Pero 1984 no es una novela de ciencia ficción. Es ante todo una novela política. Y en particular, una novela sobre el poder de la mentira y las mentiras del poder. En 1984, el Ministerio de la Verdad dice mentiras, el Ministerio de la Paz hace la guerra y el Ministerio del Amor practica la tortura. La situación parece perversa. Pero no es irreal. Incluso en las democracias avanzadas, los gobiernos emplean decenas de profesionales de la mentira con el propósito de distorsionar la realidad, de encubrir o exagerar según convenga. Previsiblemente los profesionales de la mentira son llamados asesores de imagen o expertos en comunicación. Los eufemismos, a la mejor manera orwelliana, sirven incluso para enaltecer a quienes los inventan por encargo.
En 1984, el poder tiene la capacidad de inventar una realidad conveniente. La verdad es promulgada por el partido: si el partido dice “2+2=5”, esa es la verdad. El totalitarismo, ya lo sabemos, comienza con la propaganda, con la manipulación de las emociones. Pero incluso en los regímenes democráticos, el poder depende de las mentiras.
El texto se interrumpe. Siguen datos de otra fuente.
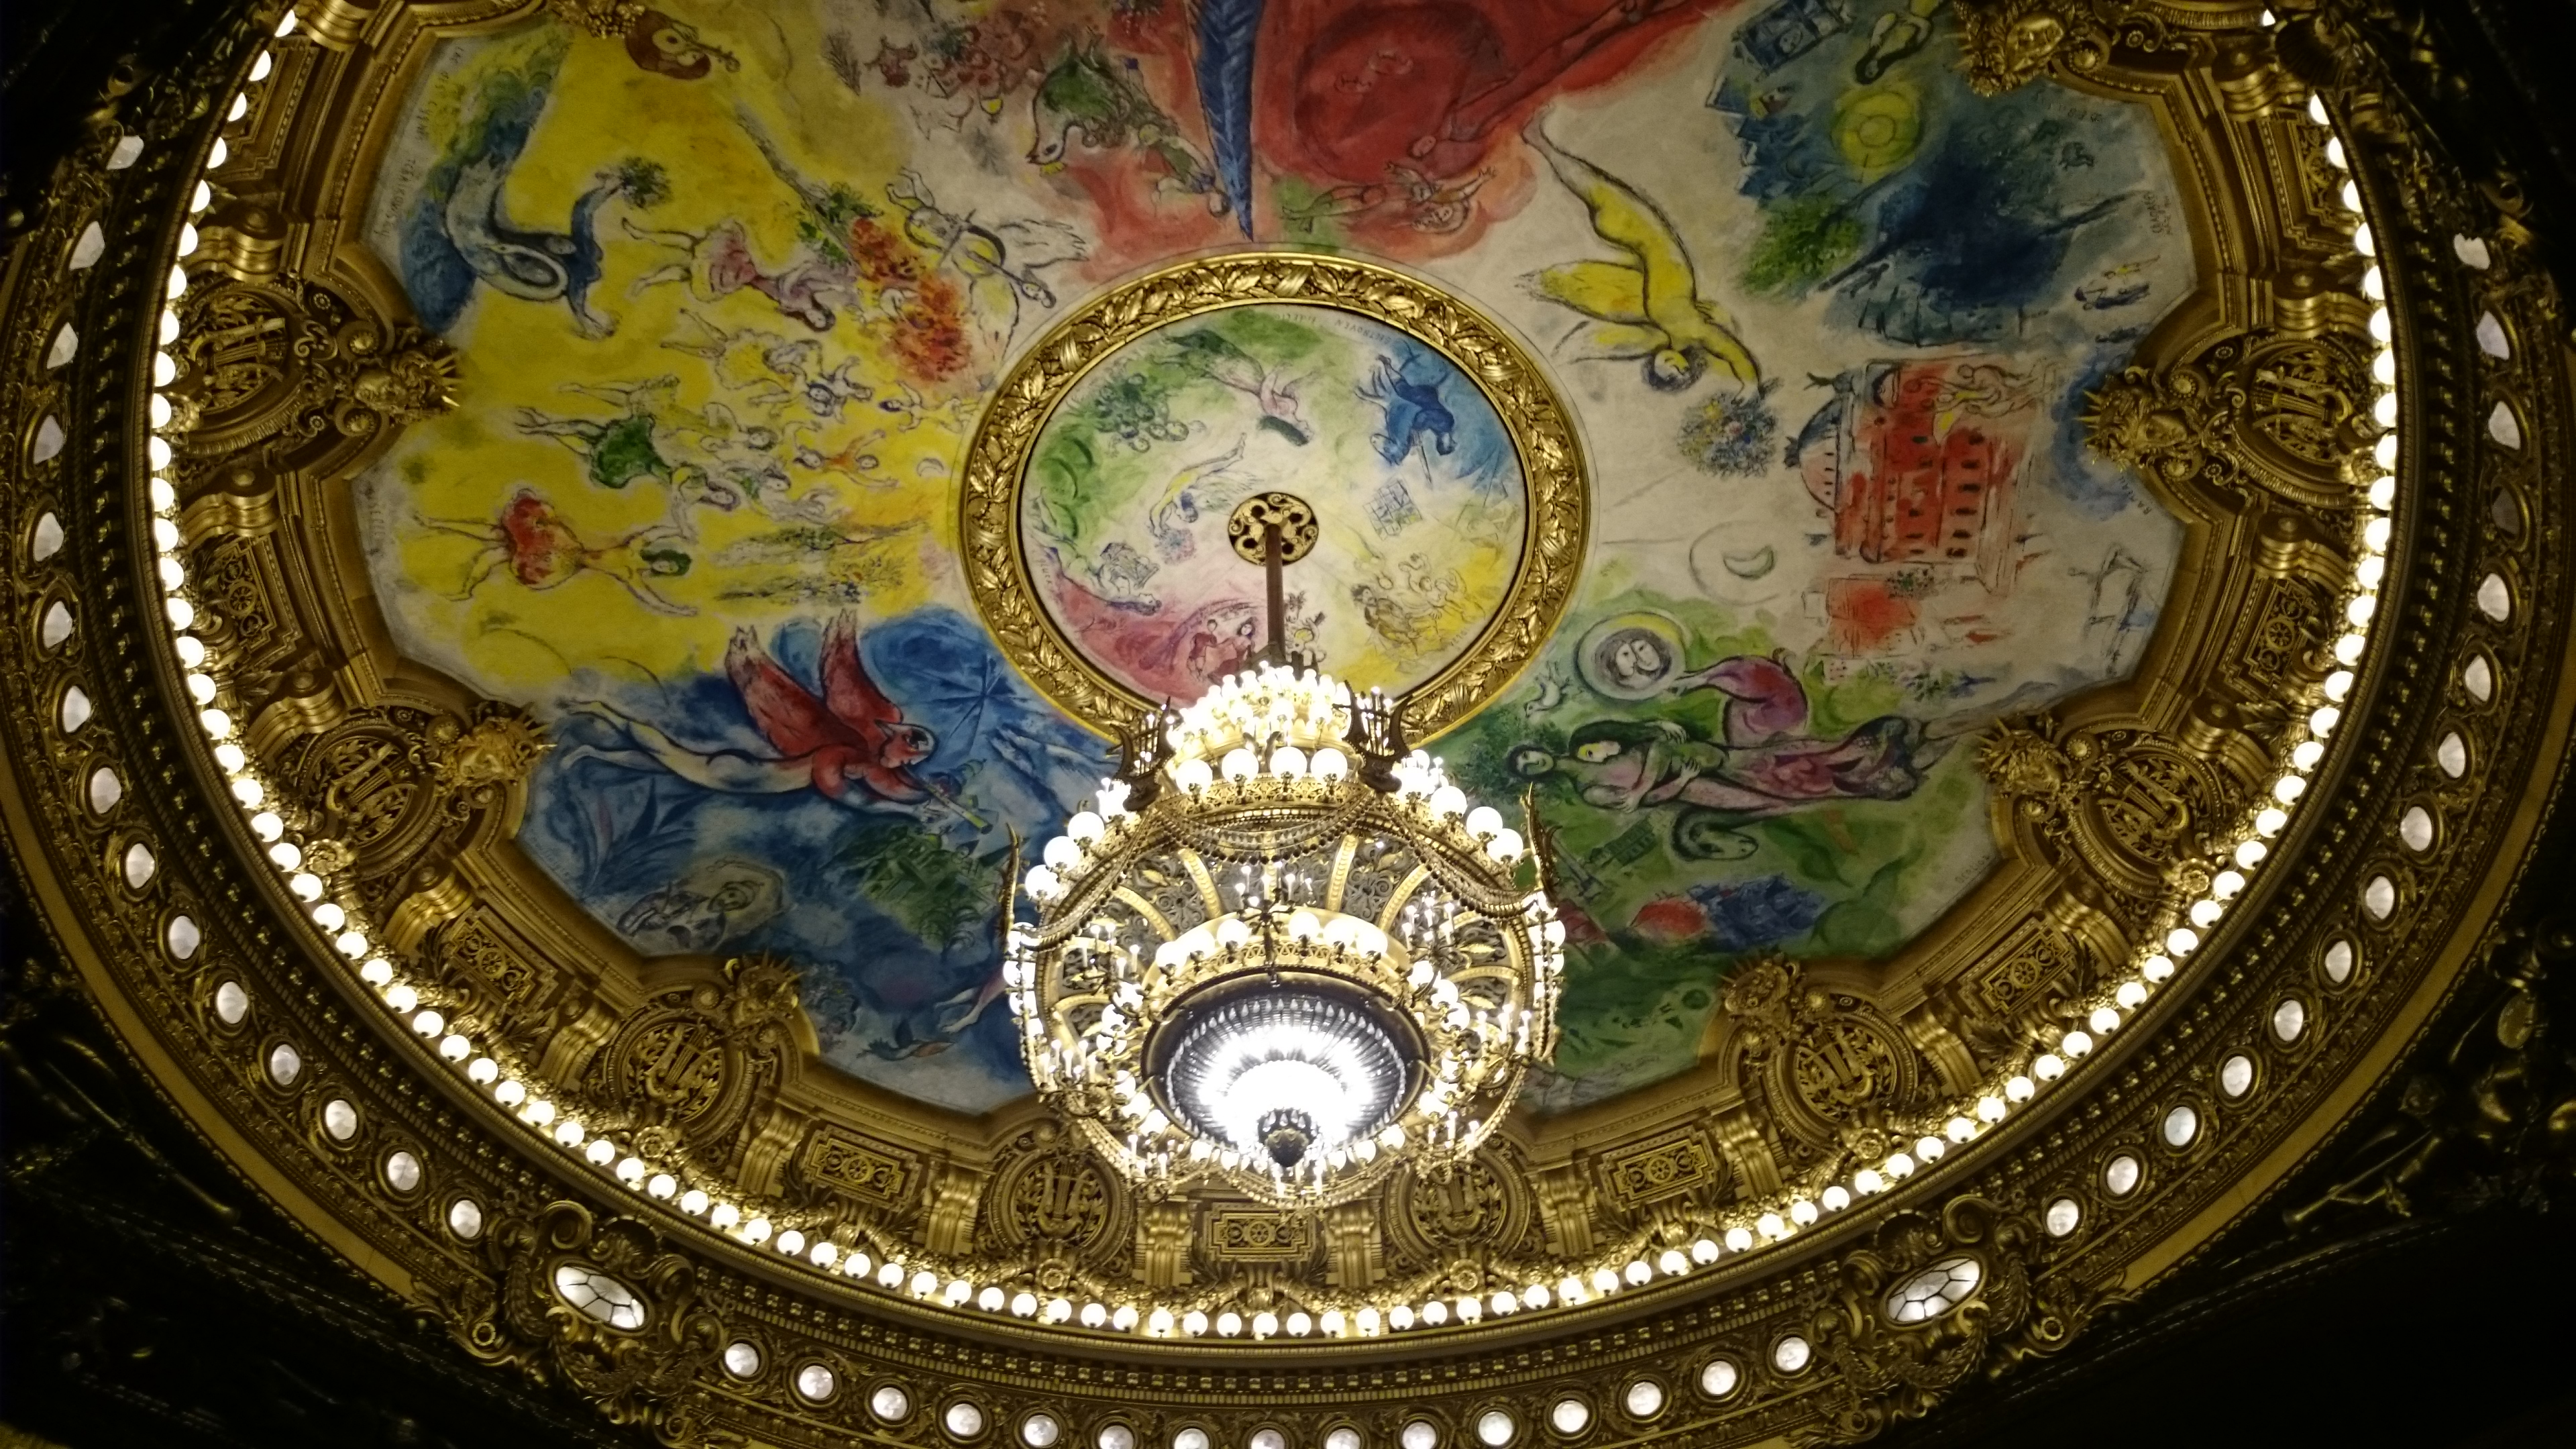 dsc 1025 - Una visita a la Opera de Paris (Palais Garnier)

La televisión, por ejemplo, es muchas veces usada como medio de adoctrinamiento masivo, de fabricación de la verdad. “Si no controlamos la televisión no controlamos nada”, le dijo un militar aliado a Vladimiro Montesinos en un momento de lucidez orwelliana.
Tal vez sea equivocado juzgar un novelista por la pertinencia de sus profecías. Pero con Orwell el ejercicio es inevitable. En 1984, Orwell quiso, ante todo, plantear un escenario probable, implausible en algunos detalles pero no descabellado. Si el poder político adquiere la capacidad de vigilar la vida de las personas y de controlar la realidad, las consecuencias, quien lo duda, serían catastróficas. “El problema —escribió Orwell— es la aceptación del totalitarismo por los intelectuales de todos los colores. Lo moraleja de esta pesadilla peligrosa es simple: no permitan que ocurra, depende de ustedes”.